> [DATA BELOW]:
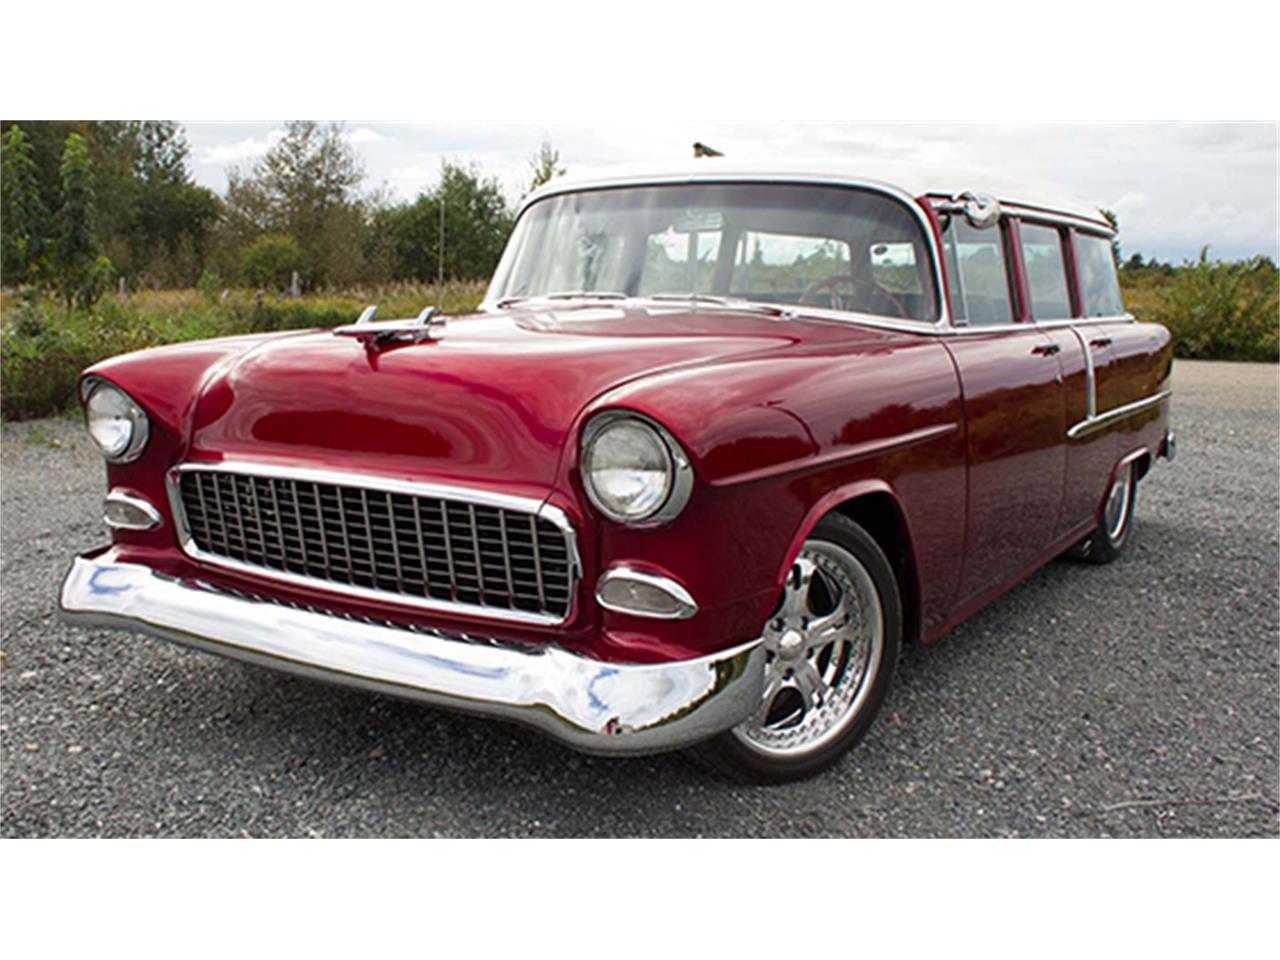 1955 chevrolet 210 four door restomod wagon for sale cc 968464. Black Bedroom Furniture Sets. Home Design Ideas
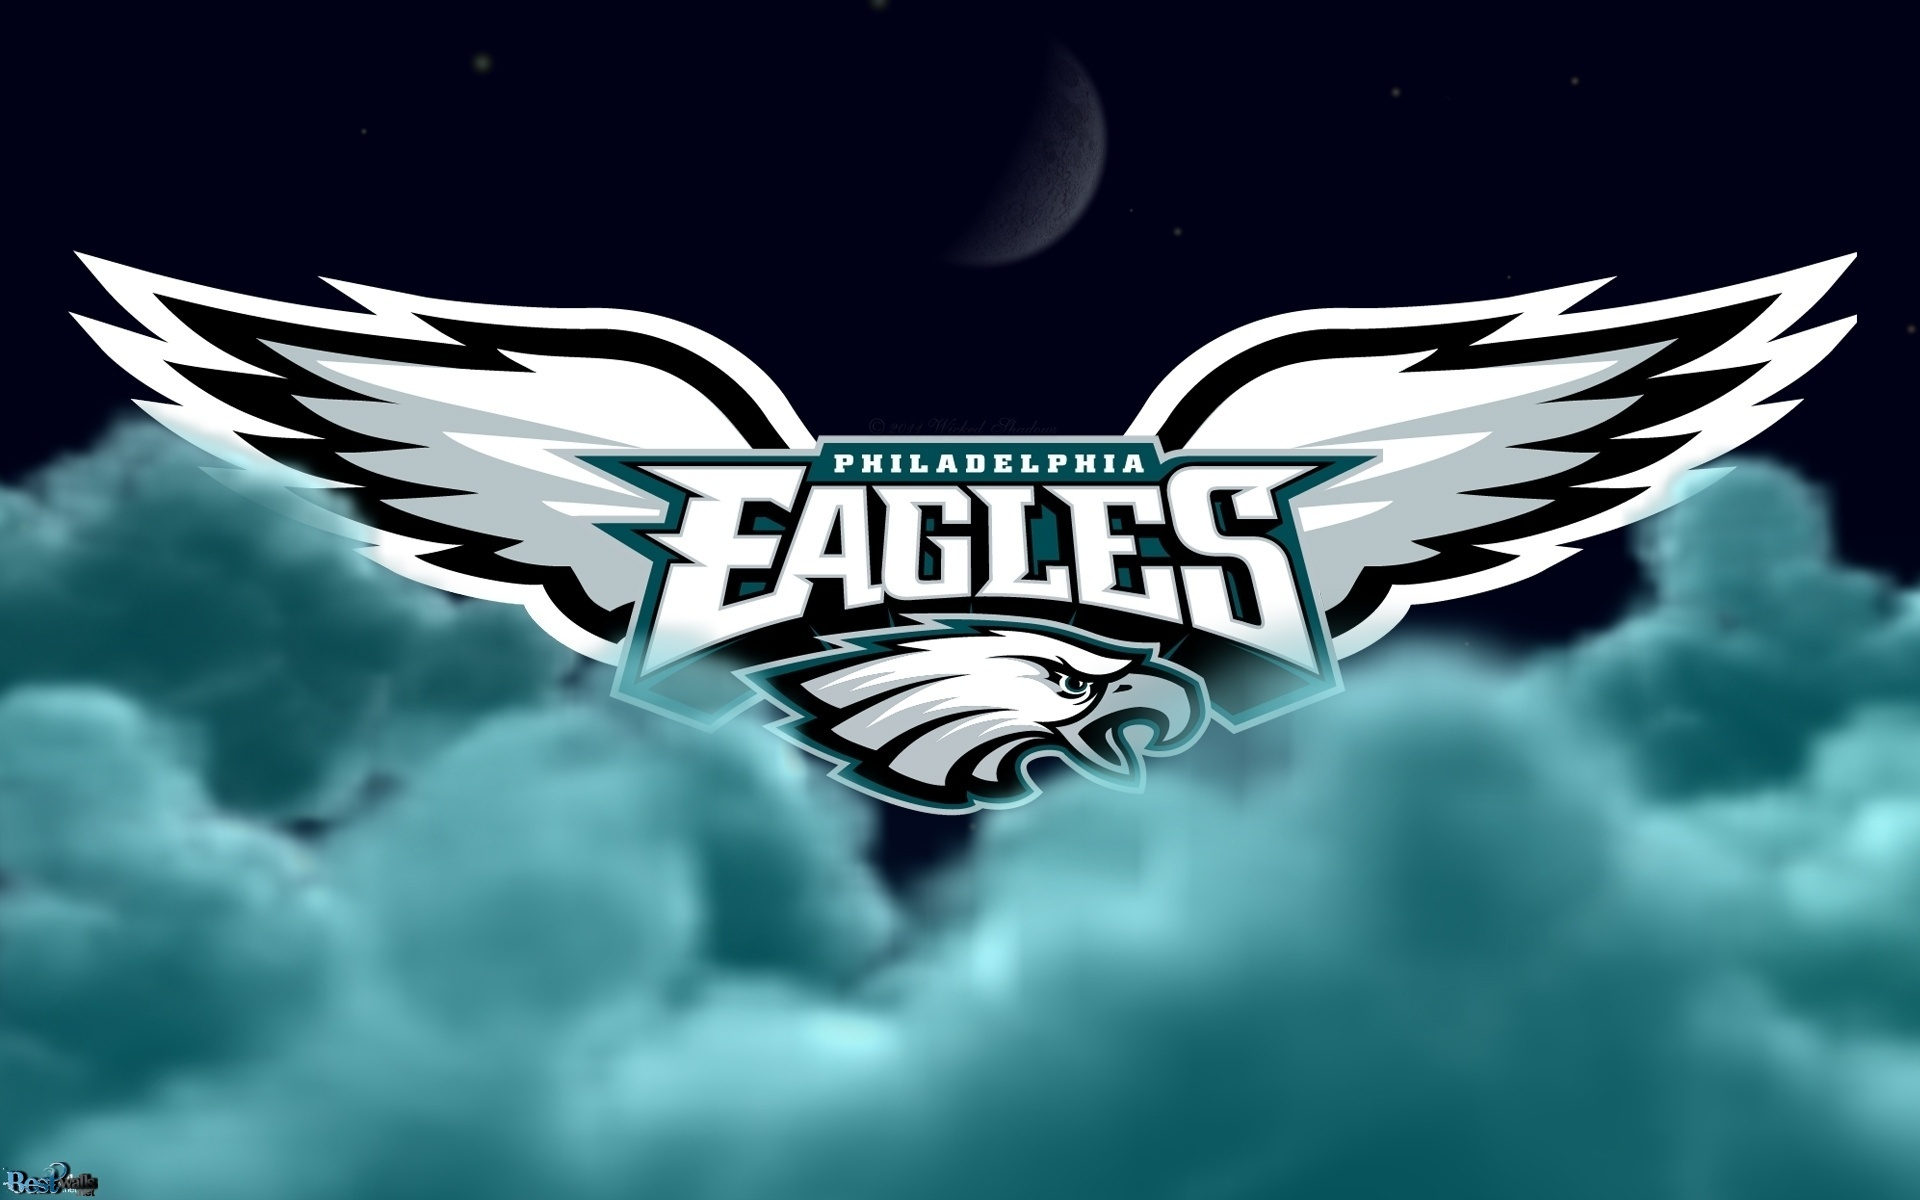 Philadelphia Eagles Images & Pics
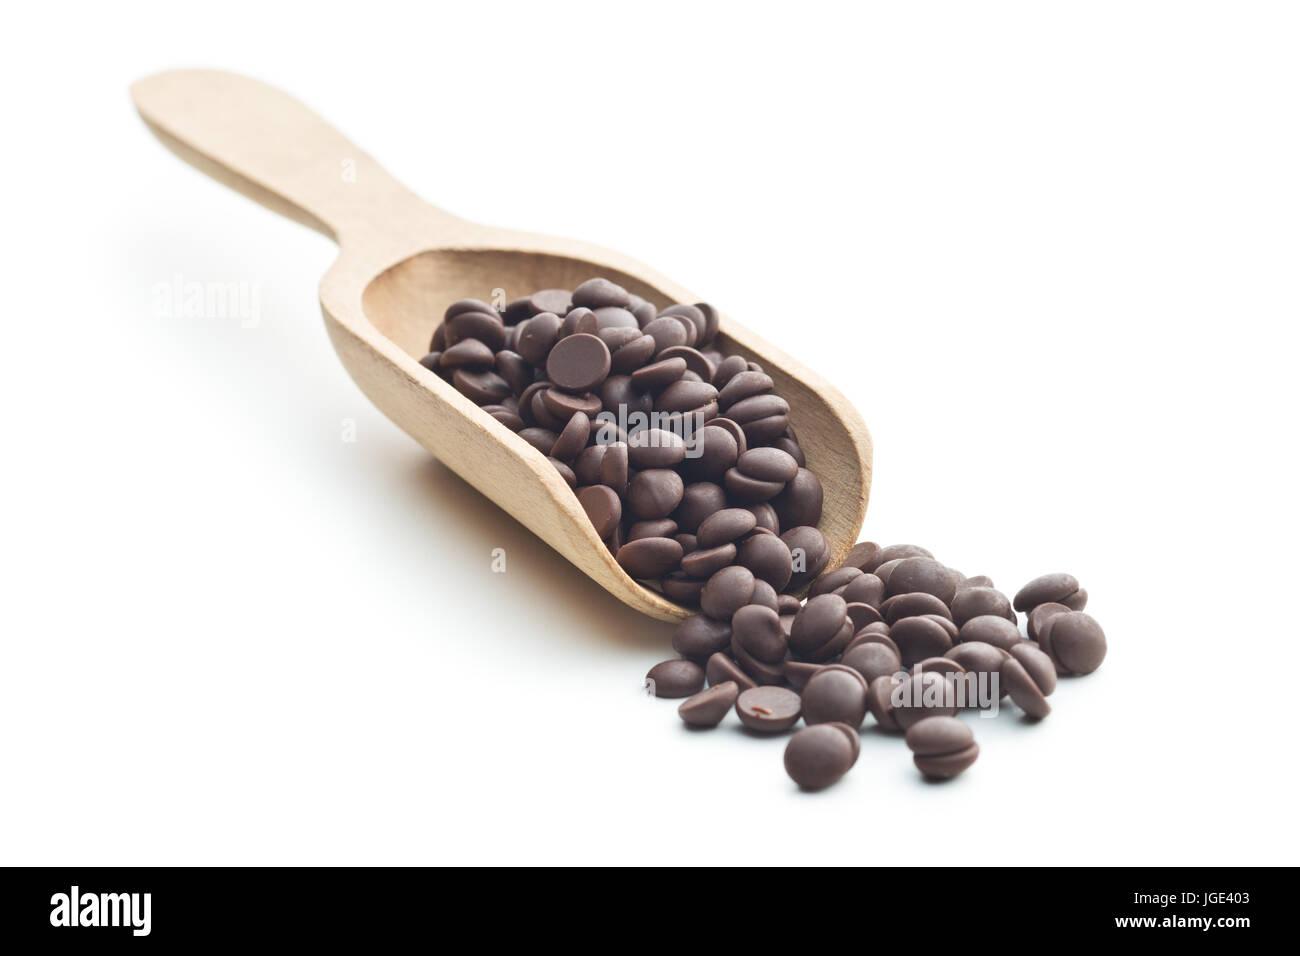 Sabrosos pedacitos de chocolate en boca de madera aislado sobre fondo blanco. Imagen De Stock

> [WHAT YOU HAVE TO DO]:
A faithful copy of all the lines above is needed, with the pictures omitted.

> [TASK RESULT]:
 1955 chevrolet 210 four door restomod wagon for sale cc 968464. Black Bedroom Furniture Sets. Home Design Ideas
 Philadelphia Eagles Images & Pics
 Sabrosos pedacitos de chocolate en boca de madera aislado sobre fondo blanco. Imagen De Stock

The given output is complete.